Ya en el XIX, sólo Ingres –el gran Ingres, y su “pintura de trapos”-, Guerain, y algún que otro despistado seguirá en la cruzada por la línea, porque el XIX es el siglo del color -¡qué contradicción! Cuando uno piensa en el XIX no puede evitar pensar en fotos en blanco y negro, y cuando uno piensa en el XVIII, en el XVII, en el XVI, lo primero que le viene a la mente es color, en estallido-, el siglo de los caballos de Géricault (el gran Géricault, seductor de mujeres, domador de caballos, héroe de fábula,…), de esos speech Delacroix, de los clítoris abiertos de Courbet, de los impresionistas, de los postimpresionistas, y de los primeros experimentos fauves.
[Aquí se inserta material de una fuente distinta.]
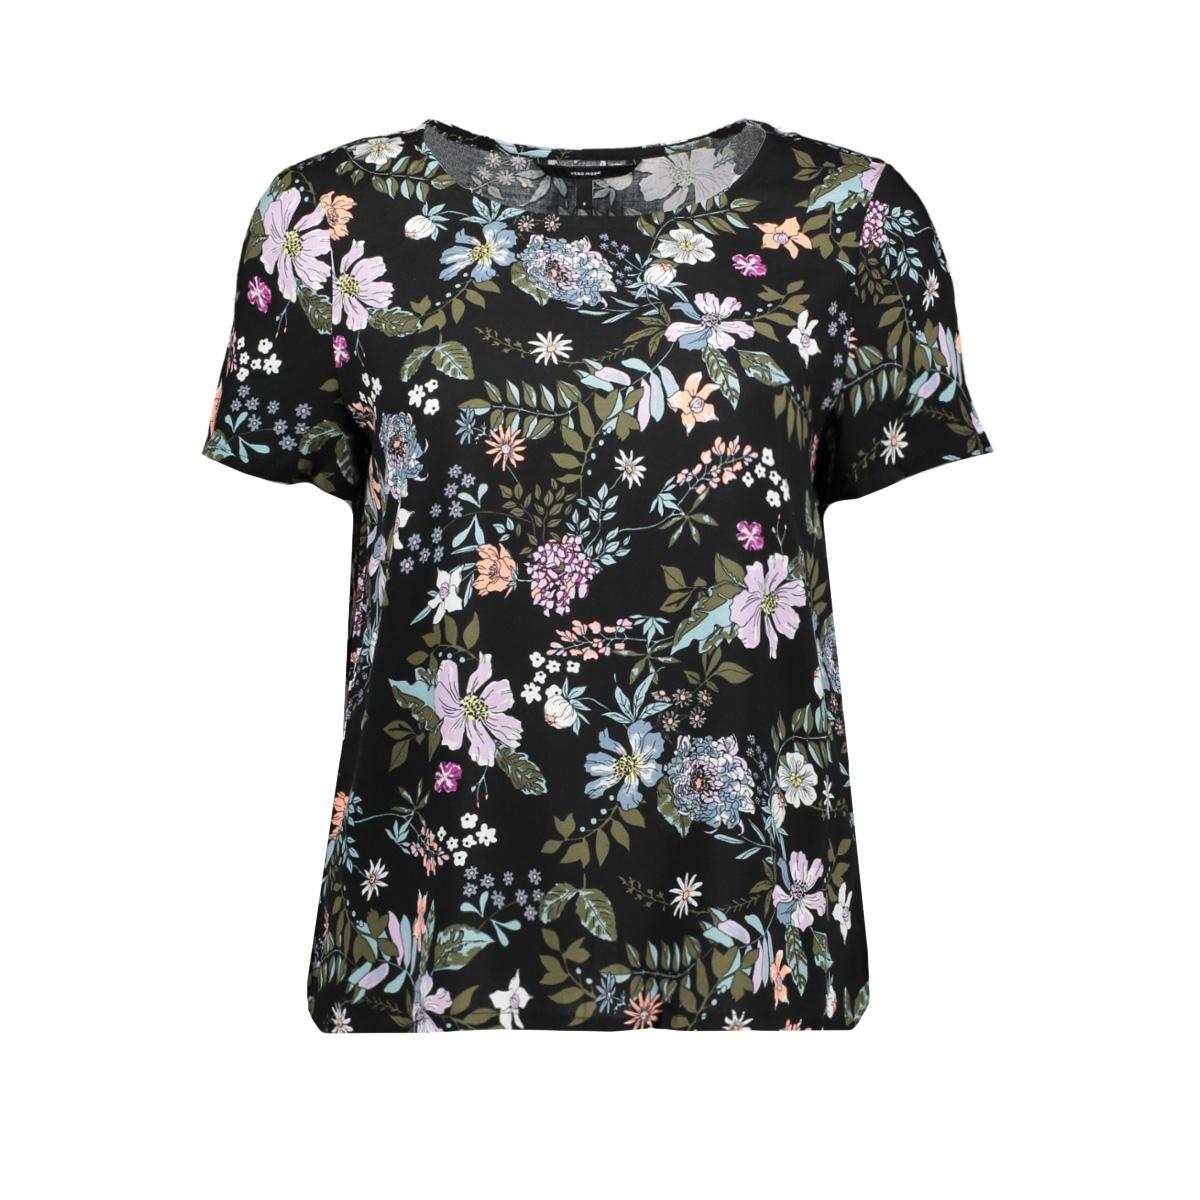 vmsimply easy ss top 10211480 vero moda t-shirt black/isa

El XX. Matisse y Picasso. Color y línea. Y paralelamente, Kandinsky –color- y Braque –línea-, Derain –color- y Mondrian –línea-. Línea Mondrian. Tengo un amigo que dice que sus cuadros le recuerdan a muchos de los muros que hay en algunas de nuestras ciudades, de esos a base de sillares de formas rectangulares y cuadradas irregulares; a un importante historiador del arte francés le parecen como pequeñas proyecciones de un laberinto; según A.G.G., profesor pasota y tal de la facultad de Geografía e Historia de la UCM y especialista en las primeras vanguardias, dice que cada cuadro no es más que un fragmento de un Mondrian gigantesco, enorme, de una habitación Mondrian decorada de forma gigantesca y total a base de cuadrados, de tal manera que el viejecito Piet sólo tenía que mover su caballete hasta el lugar que quería reproducir de esas paredes; como resultado, cada lienzo Mondrian sería un pequeño fragmento de ese “cosmos” de líneas rectas y rectángulos de colores primarios. Todo esto está fenomenal, pero lo que no dice ninguno de todos ellos es que el viejecito Mondrian es la simbiosis, la unión, el lugar de encuentro final de ambas escuelas, y esa fusión dejó en paz la absurda discusión entre forma y materia, porque como dijo el mismo catedrático, James Dean de los pasillos humeantes de la planta 8 de una caja de cerillas de ladrillo, “¿por qué una dicotomía entre línea y color? La forma nunca es un problema; la línea, el color, nunca son problemas a la hora de hablar del arte”.


Por eso Mondrian es fabulosamente clásico, porque su discurso es universal, y nos otorga una absoluta calma, nos aleja de comernos la quijotera pensando en esas gilipolleces de "línea" o "color", nos abraza en su universo de líneas tiradísimas y Coltrane, de paz, de armonía.